▶ _Provided data_:
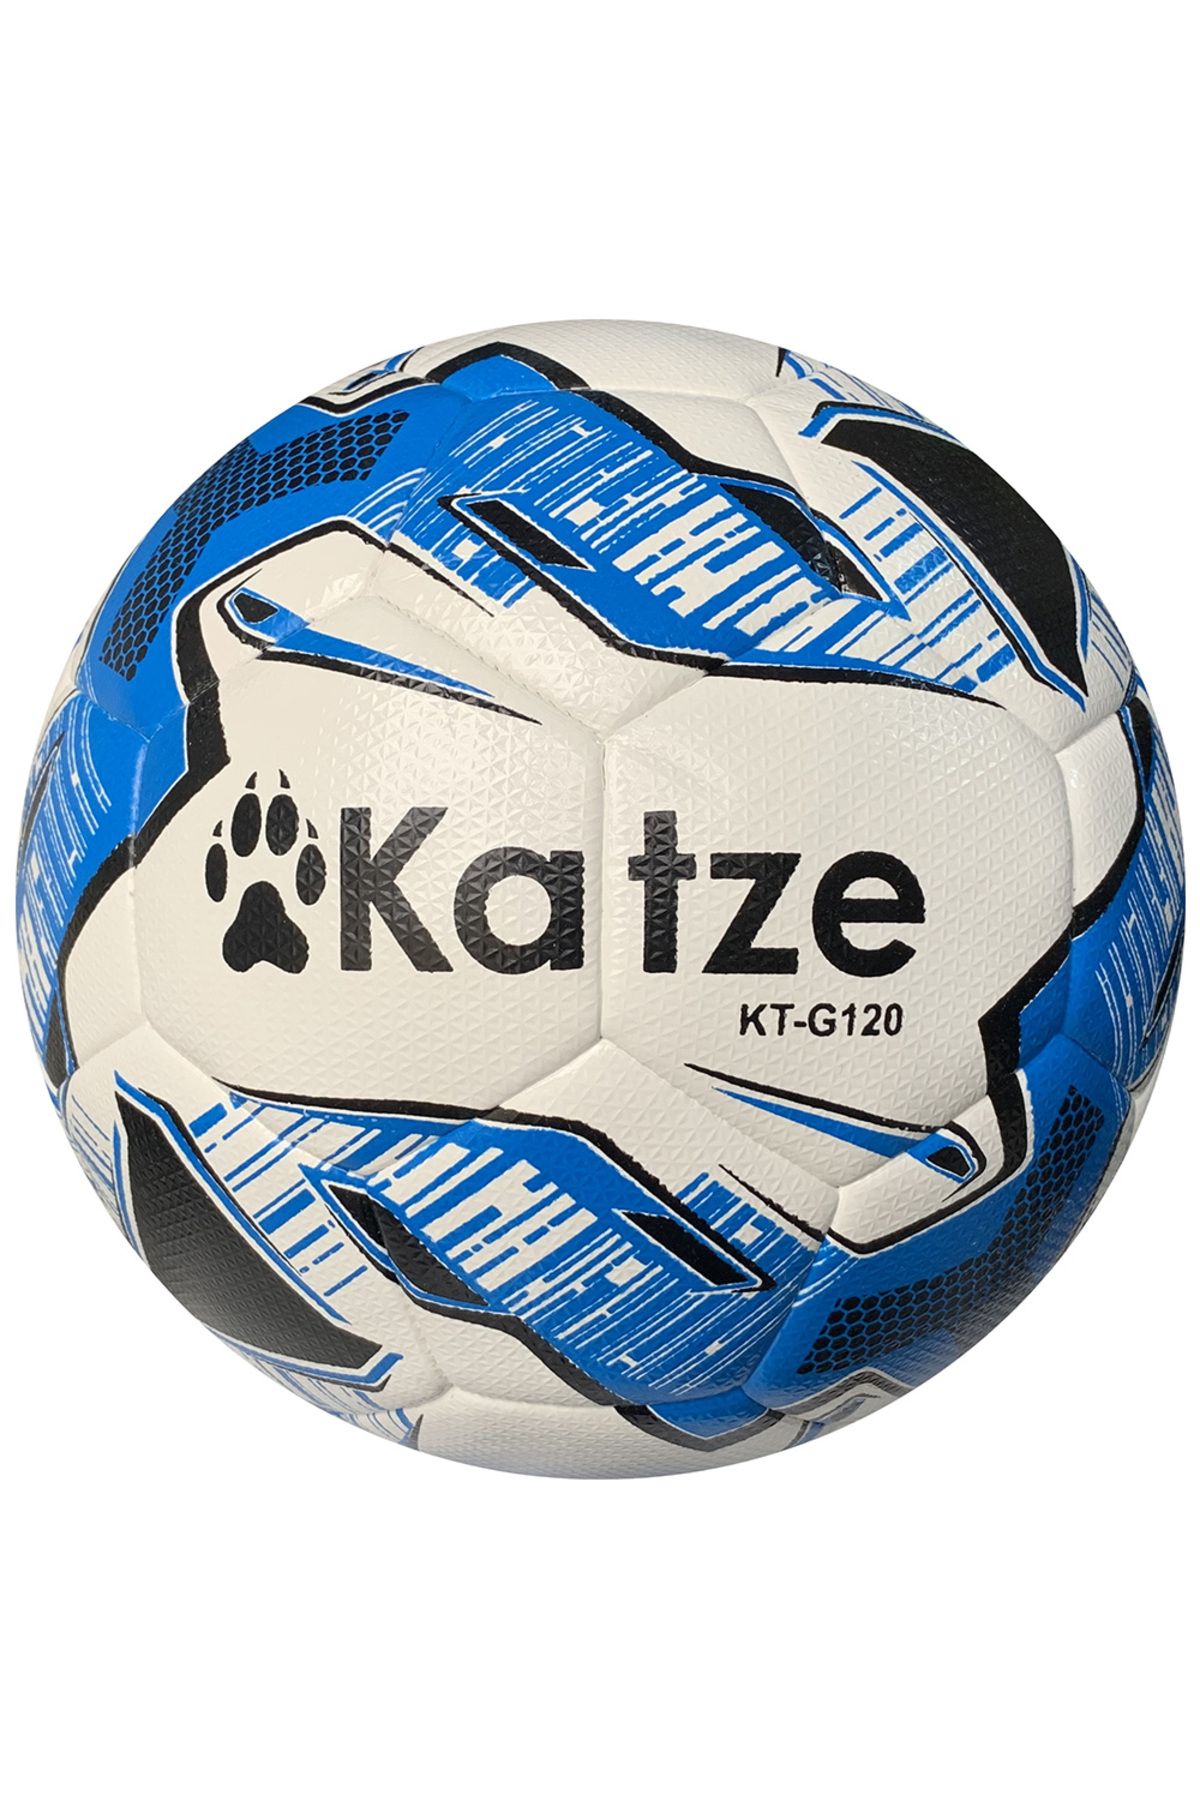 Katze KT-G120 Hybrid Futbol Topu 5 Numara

* * *

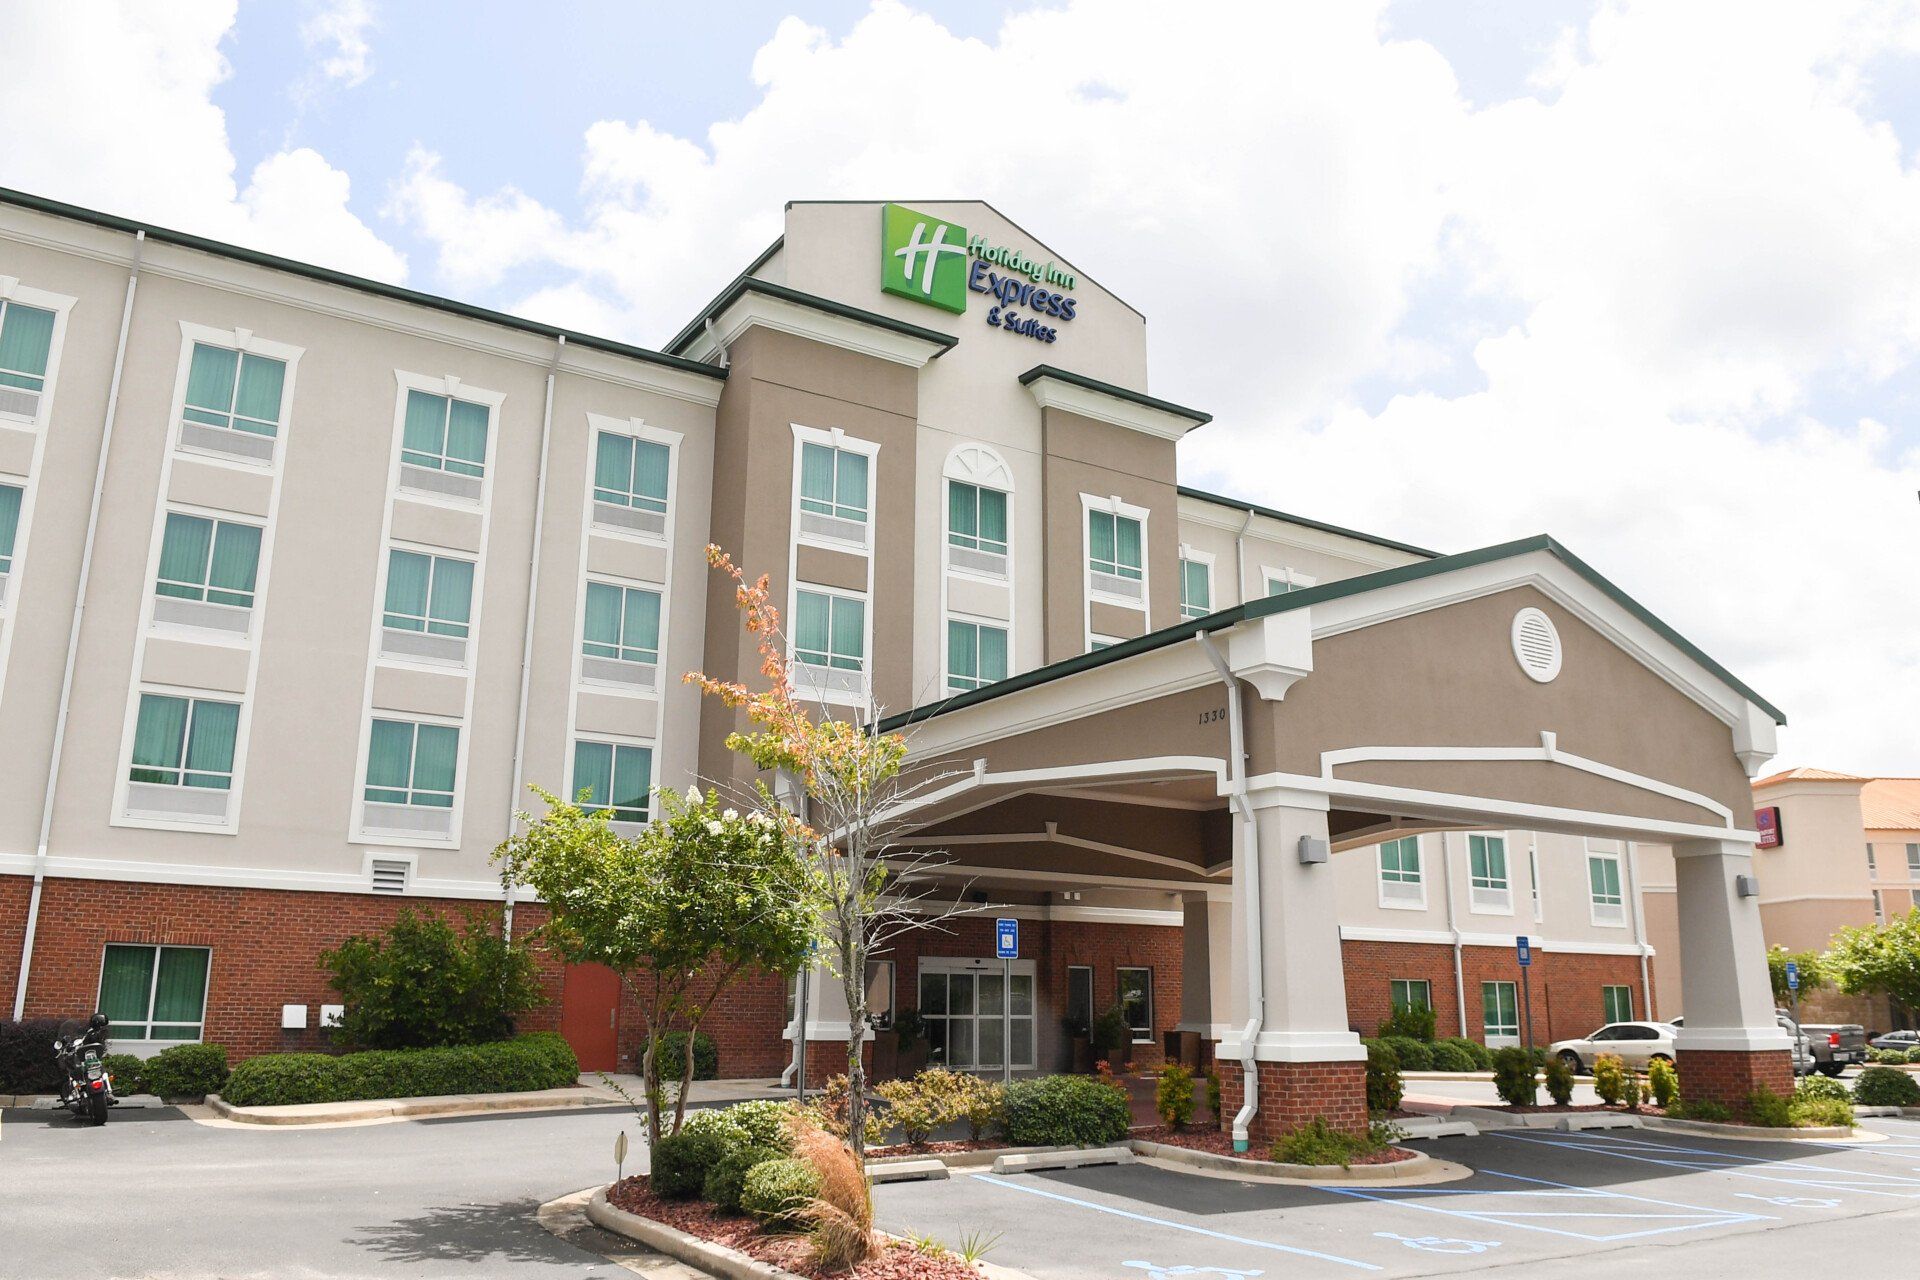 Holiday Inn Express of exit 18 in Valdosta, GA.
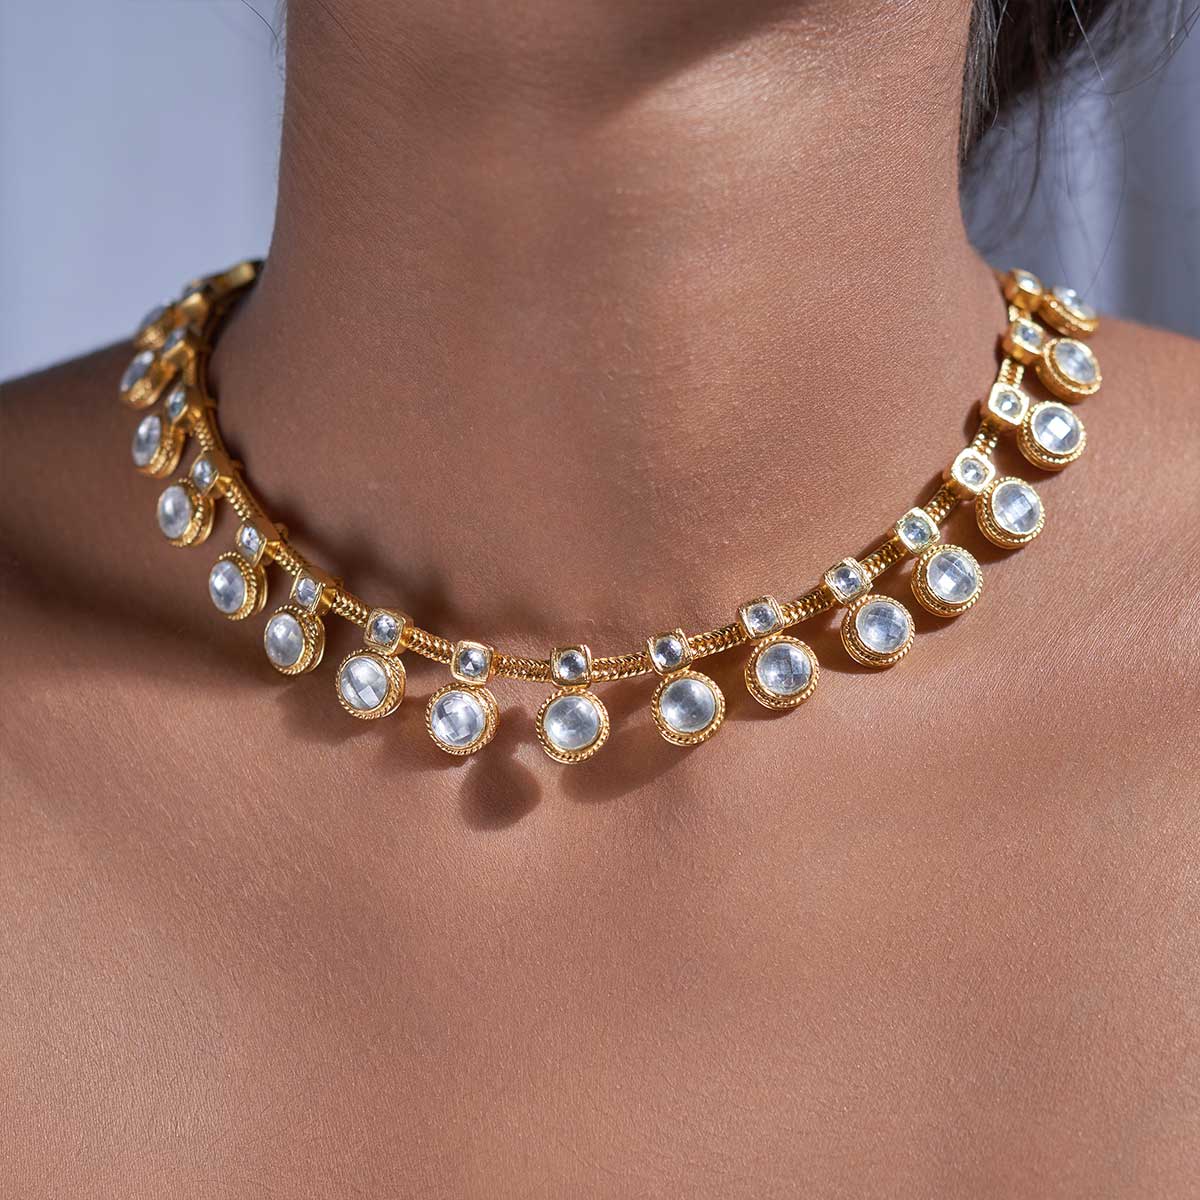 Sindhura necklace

* * *

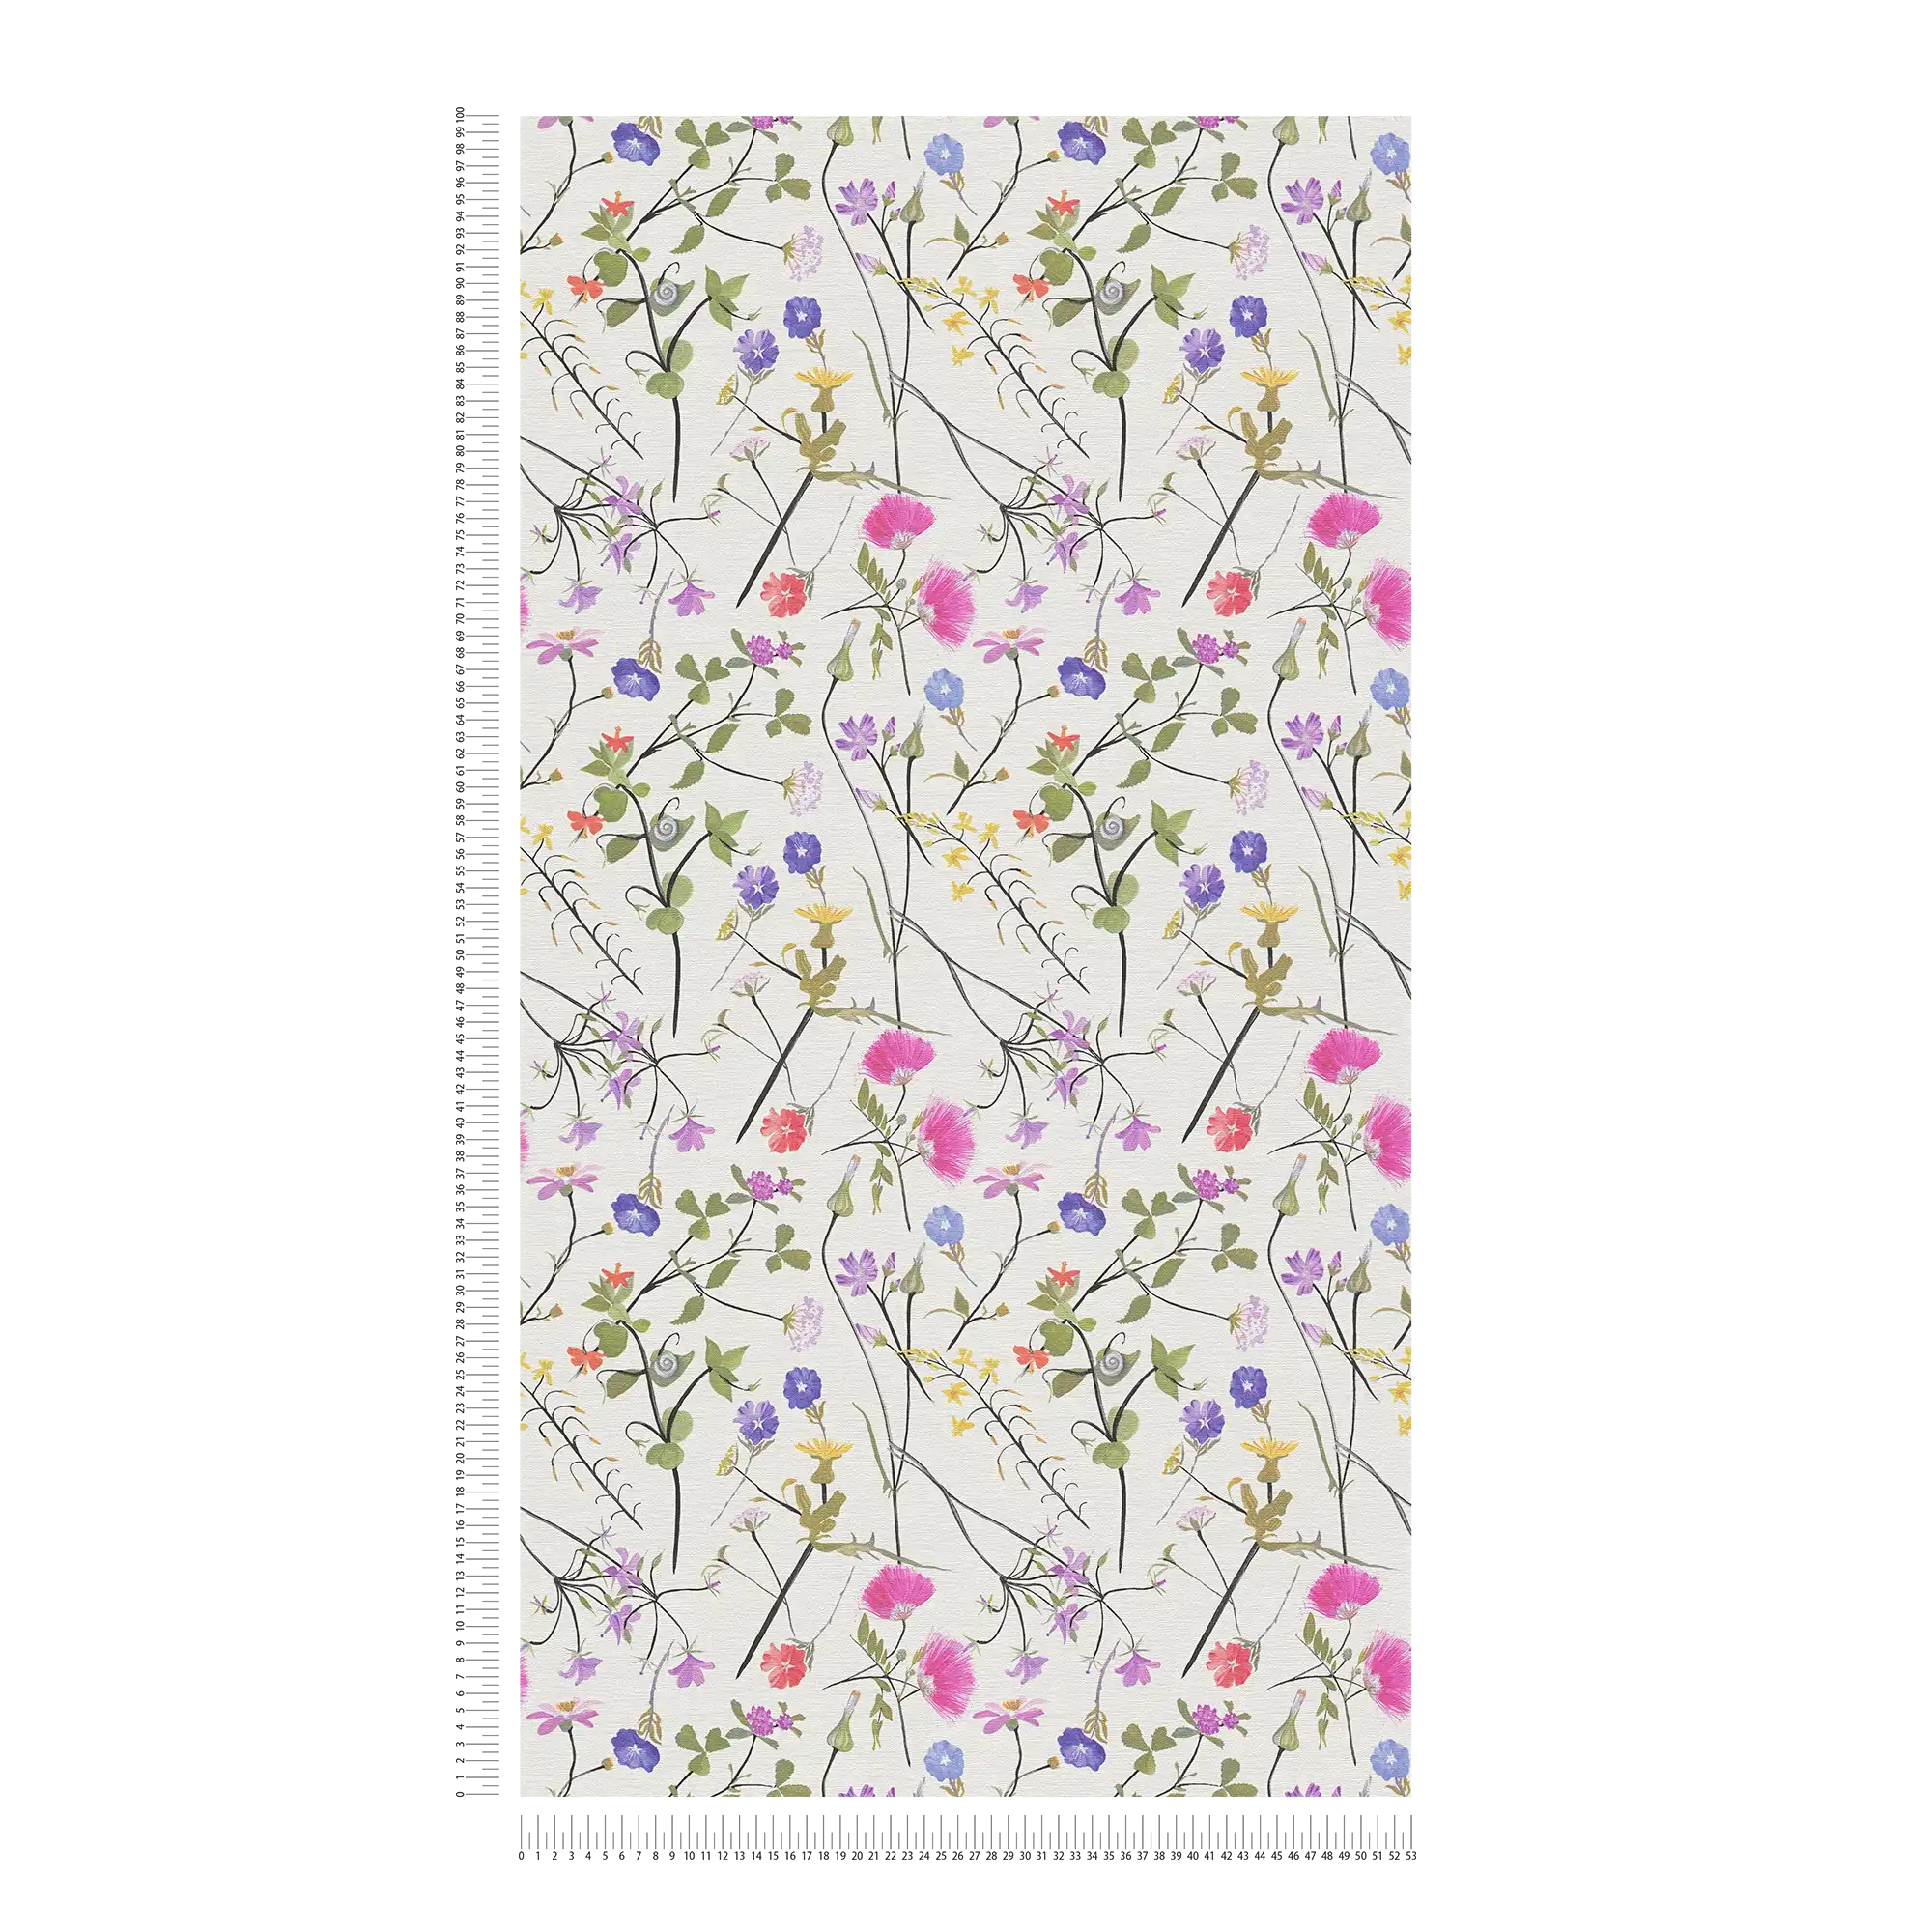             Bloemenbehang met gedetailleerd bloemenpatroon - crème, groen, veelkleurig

▶ _Brief_:
Return exactly the lines above, from the one with "Holiday Inn Express" up to and including the one with "Sindhura necklace", and include no pictures.

▶ _Written response_:
 Holiday Inn Express of exit 18 in Valdosta, GA.
 Sindhura necklace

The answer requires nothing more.